主编黄伟忠在讲话中指出,国内对藏传佛教教义的研究相对薄弱,但沈先生的团队在一定程度上扭转了这一趋势,取得了明显的成绩。无论是密教还是文献研究,很多同学都是从教法传承的角度去做,尤其是最近以西夏学为切入点,将西夏、元、明史串联起来,学术价值很高。接下来,黄维忠研究员提出了一个问题:敦煌有许多藏传佛教文献,其中以佛教礼制文献为主,与西夏关系密切。是学术界对他们关注不够吗?沈先生的团队能不能多关注一下敦煌的古代藏传佛教文献,看看能不能打通?沈教授回应指出,国内对敦煌古代藏传佛教文献的研究确实薄弱,但好消息是近年来成长起来的优秀青年学者有几位,比如复旦大学的任晓波副教授。他致力于敦煌文献中的佛教文献研究,最近发现了与法成《大乘经编要义》相对应的藏文文本,在法成研究上取得了突破,打破了日本学术界在敦煌古代藏传佛教文献研究中的长期主导地位。作为日本研究敦煌佛教文献最优秀的学者之一,如尚善君,他对法成的研究一直被认为是该领域最权威的成果。今天,任晓波的研究在他的研究基础上有了进一步的突破。到目前为止,对敦煌佛教文献的研究表明,中国佛教和藏传佛教的影响是相互的,如汉传佛教的观音崇拜对藏传佛教的影响是显著的。
张博士回答了关于跳出门派研究河西地区早期教法传承史的学术问题。
清华大学新提拔的美国弗吉尼亚大学宗教研究系的“水木学者”张博士,针对跳出教派研究河西地区早期教法传承史的学术问题,认为如果打破后世教派的界限,看看文本的历史文化背景和教法史的意义,或许会有更清晰的画面。
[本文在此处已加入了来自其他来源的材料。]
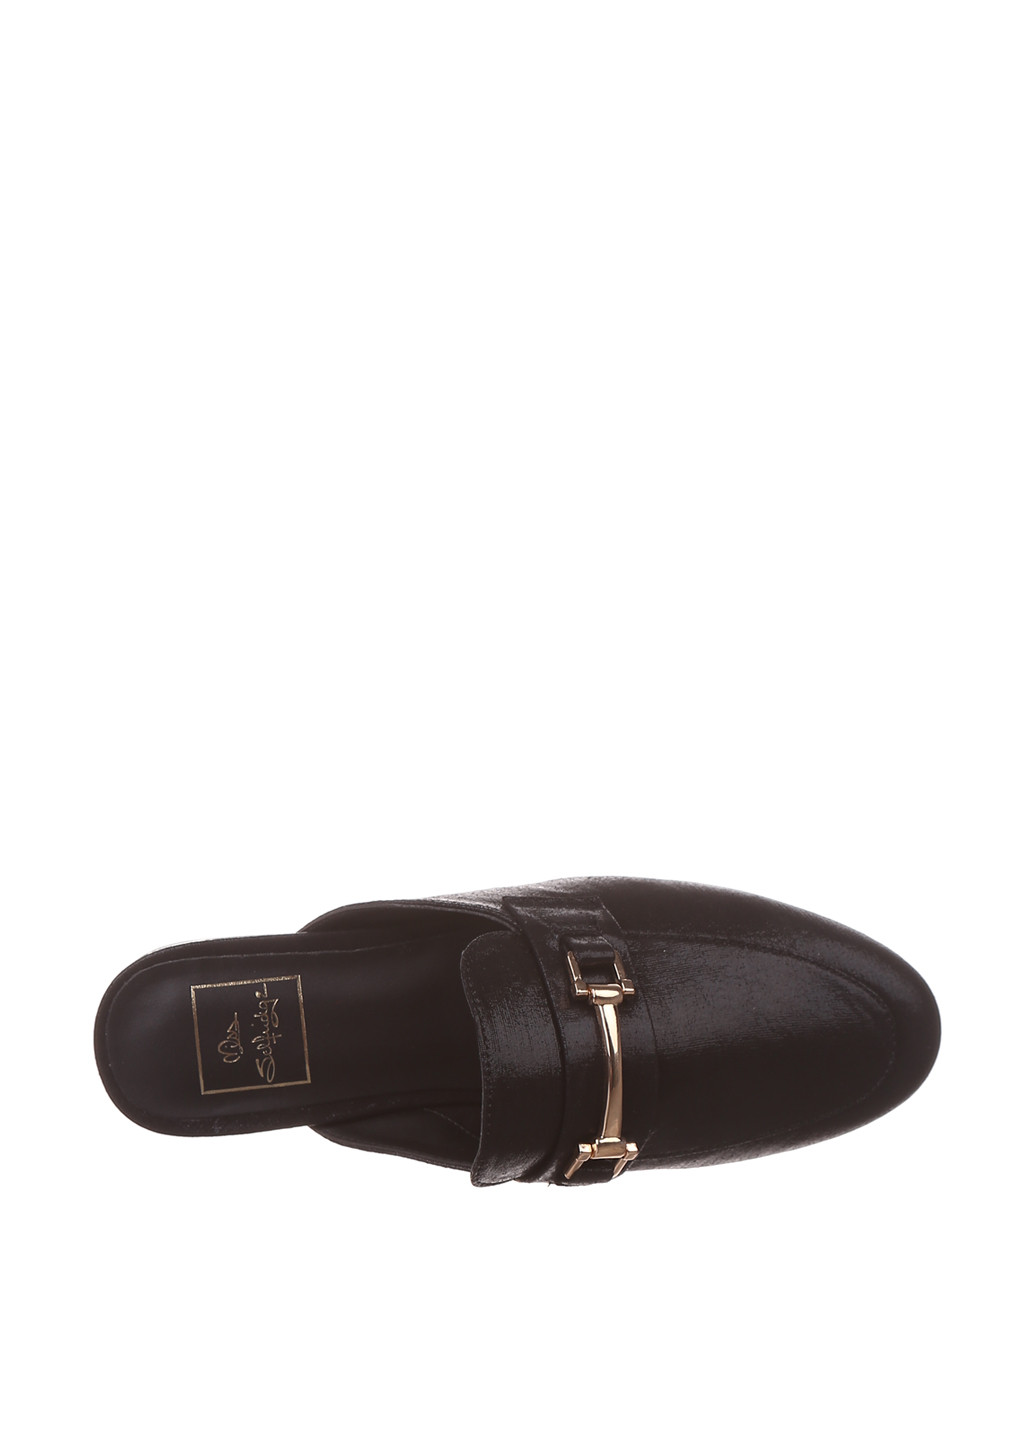 Черные мюли Miss Selfridge с металлическими вставками на низком каблуке

同时,他提出西夏的道国文学是否可以用同样的方法来考察(并不是说教派就完全被抛弃了),梳理历史脉络,然后在特定的历史语境中回望教派的身份,以及后人补充的新身份。此外,张博士还表达了自己对文献学研究方法的理解。他指出,通过梳理不同时期的文本和分析思想的维度,不可能通过非历史的操作将最近的观点投射到早期的教学方法中。从这个意义上说,文献学的实证方法是非常重要的。其次,藏传佛教各教派的形象表现是一个非常重要的内容。在美术史领域,大家会更注重体裁或文本与图像的关系或对比,或者用图像来审视历史本身,把图像当作历史证据;然而,图像本身具有宗教意义。例如,高度抽象的意象如郯城,不仅是意象与文本的对比,也可以视为文本之外的另一种语义表达,既揭示了意象的历史传承和发展,也揭示了宗教和语义的含义,以便对这些意象有更深的理解。
最后,沈伟荣教授对会议进行了总结。他首先回应了门派与传承的争论,说门派与传承的关系其实比我们想象的要复杂,真正的门派形成是到了五世达赖时期。比如清初的著述,是按照教法继承的,而不是按照门派继承的。一方面,我们看到了萨迦派在政治史上的重要作用,但正是因为这种政治力量,许多成就被削弱了。其次,我们对文献学的认识还需要不断提高。以自己研究大乘、黑水城文献的经历为例,他指出自己一开始并不太懂这些文字,但慢慢开始懂了。这是因为文字学是一门慢读的艺术。此外,文献学不仅调查和确定这些文本,而且探索它们背后的历史和文化背景。只有把史料和纯法文文本结合起来,才能理解很多东西。传记和法书虽然本身不能提供太多的历史信息,但是在一起读的时候可以挖掘出很多内容,这就是我们提倡的文献学方法。
会后,安海燕博士向观众赠送了新的书签。